CHENNAI: Jamie Overton was the difference in Chennai Super Kings’ morale boosting win against Delhi Capitals at the MA Chidambaram Stadium on Saturday. While his numbers (4/18) may look impressive, it was his hard lengths that he chose to bowl that caught the Delhi batters off-guard. In Delhi’s chase of 213, Overton accounted for key wickets.
The lanky English all-rounder’s performance with the ball is more significant, especially after what he was put to in Chennai’s big defeat to Royal Challengers Bengaluru recently. Overton went for 42 runs in four overs, and was blasted for four sixes and a boundary by explosive Australian batter Tim David. On Saturday, he kept it tight with his hard lengths, and bowled the right kind of ball with venom to get batters out
“He’s rattled everybody tonight with the pace that he had,” CSK’s bowling consultant Eric Simons told in the post-match press conference on Saturday.
Simons explained how Overton and other CSK bowlers discuss their plans and stick to it, and if the situations calls for it, they would adapt. “One of the last things we always say is conditions override planning. So you might get here into having a ball of hard links, seam up, and you find that it's pace of crossing and you have to adapt quickly and I think that's what they did really well tonight,” he said.
With Australian pacer Nathan Ellis – CSK’s designated frontline pacer – getting injured just days before the season began, the onus was on Overton to take that role up and owl across phases. “I think the important thing is that each person finds his way of doing the job in the area of the game that he has to bowl. So he tried something last week which didn't work. But, he really went with his strengths and went with the hard lengths. He's had a good yorker. He's working on an off‑pace delivery, which when you're bowling at 150 kilometres a line, you've got an off‑pace delivery that's around under 120, then it's really effective. So he's done some work on that as well.
Every athlete has his or her own way of recovering from setbacks. Some may take time, while others may respond within days." For Overton, after that beating from David on April 5, it was the latter. Simons explained that he had one of those days. “You have to always look at a performance based on execution and outcome use. Sometimes you bowl the same ball and a wicked ball goes up in the air, the next time it goes over the fence with six. So as bowlers, I think the resilience is perhaps one of the most important things you have to have. And then it's important for a team to give bowlers in the modern game safety. That means you're going to have bad performances. I mean, Arshdeep Singh went for 50 runs today (2/50). That's going to happen. So it doesn't make you a bad bowler, and you need to have the support of your team around you, The guys need to know that we still believe and trust you, and Jamie showed that today,” he said.

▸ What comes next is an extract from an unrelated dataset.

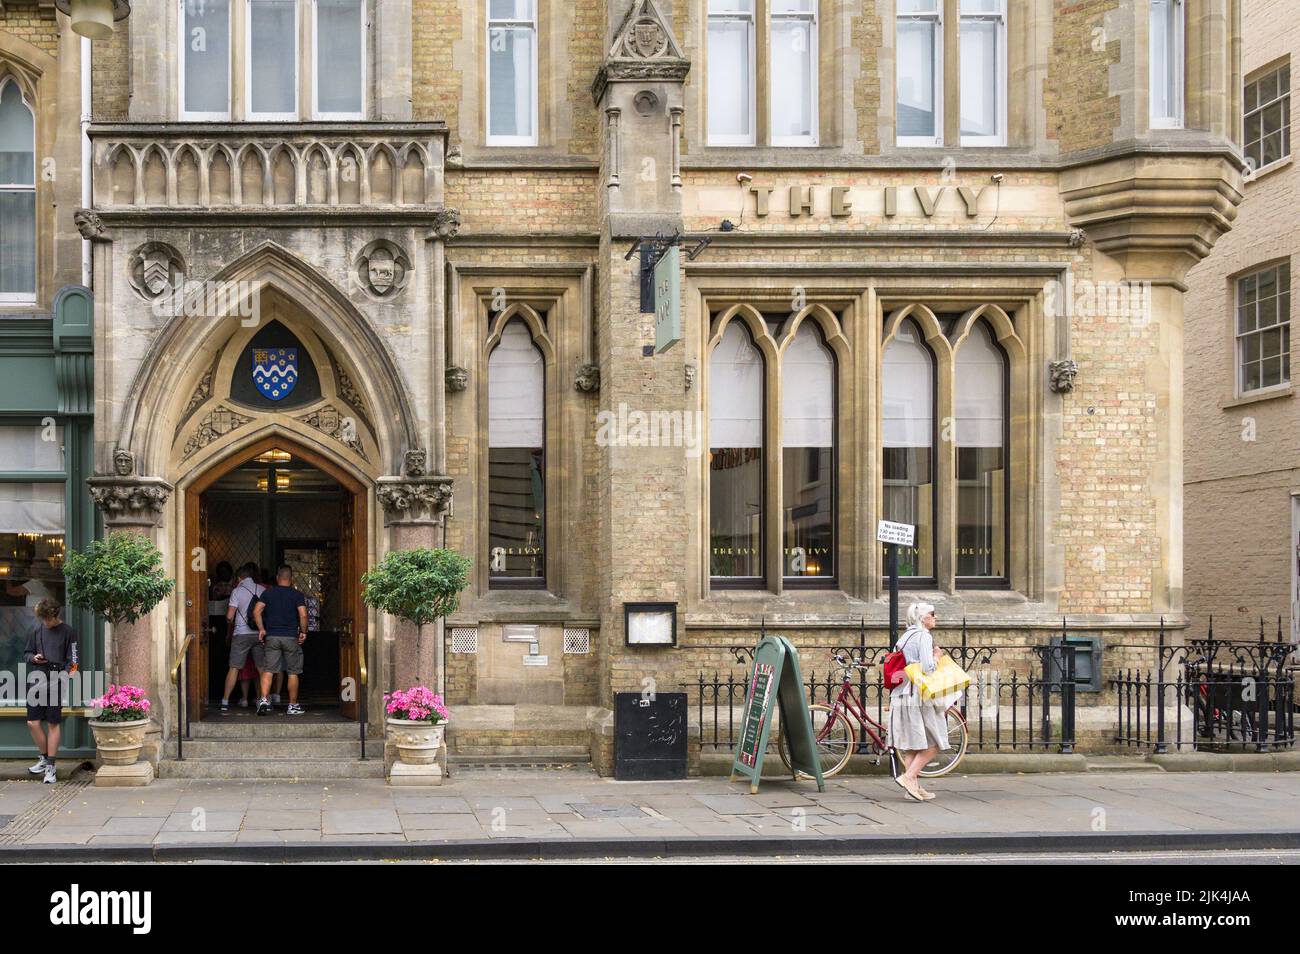 Exterior of The Ivy Brasserie restaurant with people walking past, Oxford, UK Stock Photo

More questions in batters mind the better
One of the other things that the former South African bowler has been working with the bowlers is to make batsman contemplate their decisions. Simons, with the example of Capitals’ Proteas pacer Lungi Ngidi, explained on how the bowlers were able to work on tricking batters. “I sit a lot in bowling meetings, and when batsmen are doing certain things, the bowlers talk a lot about it. So, if a batsman scoring behind the wicket, we talk a lot about it, and when a bowler's got a particularly good off‑pace delivery or a good yorker the batters have to talk more about it.

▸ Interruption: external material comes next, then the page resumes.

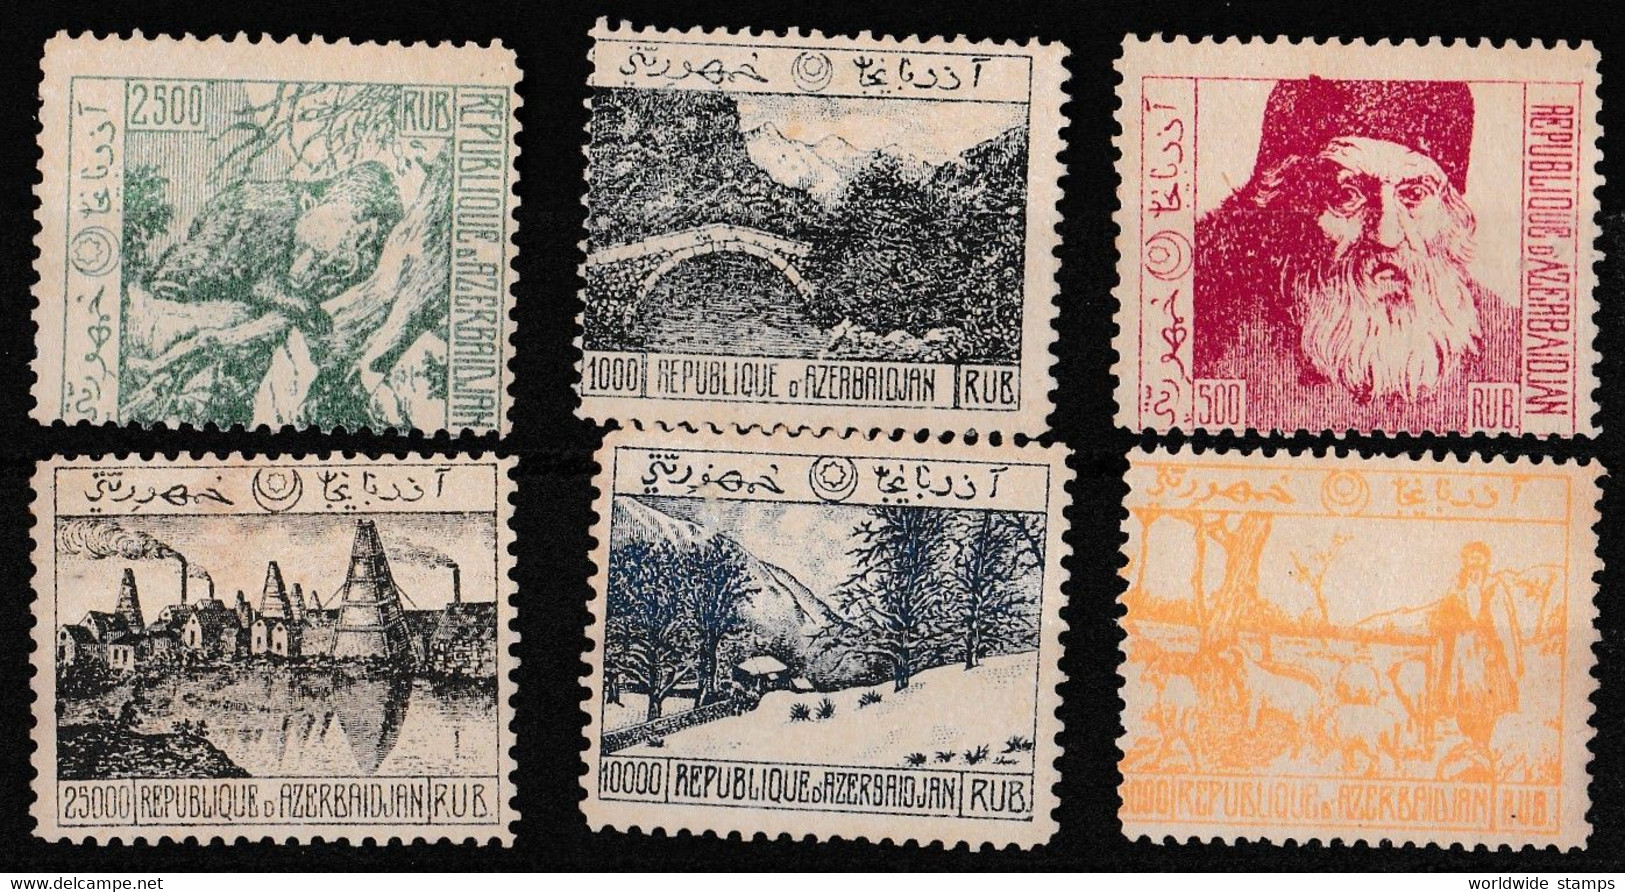 1923 AZERBAIJAN PRIVATE ISSUE PRINTED IN ITALY UDINE - RARE OLD SET,  Cinderella Fantasy Issue. - Aserbaidschan

So, as bowlers, we want to get questions in the batsmen's minds, and looking at off‑pace delivery is asking a lot of questions of batsmen and giving them lots of doubt,” he said.
Simons has been key in Ngidi’s growth as a multi-pronged bowler, as he displayed that in the recently concluded Men’s T20 World Cup in India. His off-pace deliveries put batters in a tizzy.
“We know what he does particularly well. He's modeled on what DJ Bravo does and the way he vaults it, which is a very particular way of plotting a slow ball.It has just become more and more effective. So the last sort of 18 months, it's really been really the main weapon in his arsenal,” he said.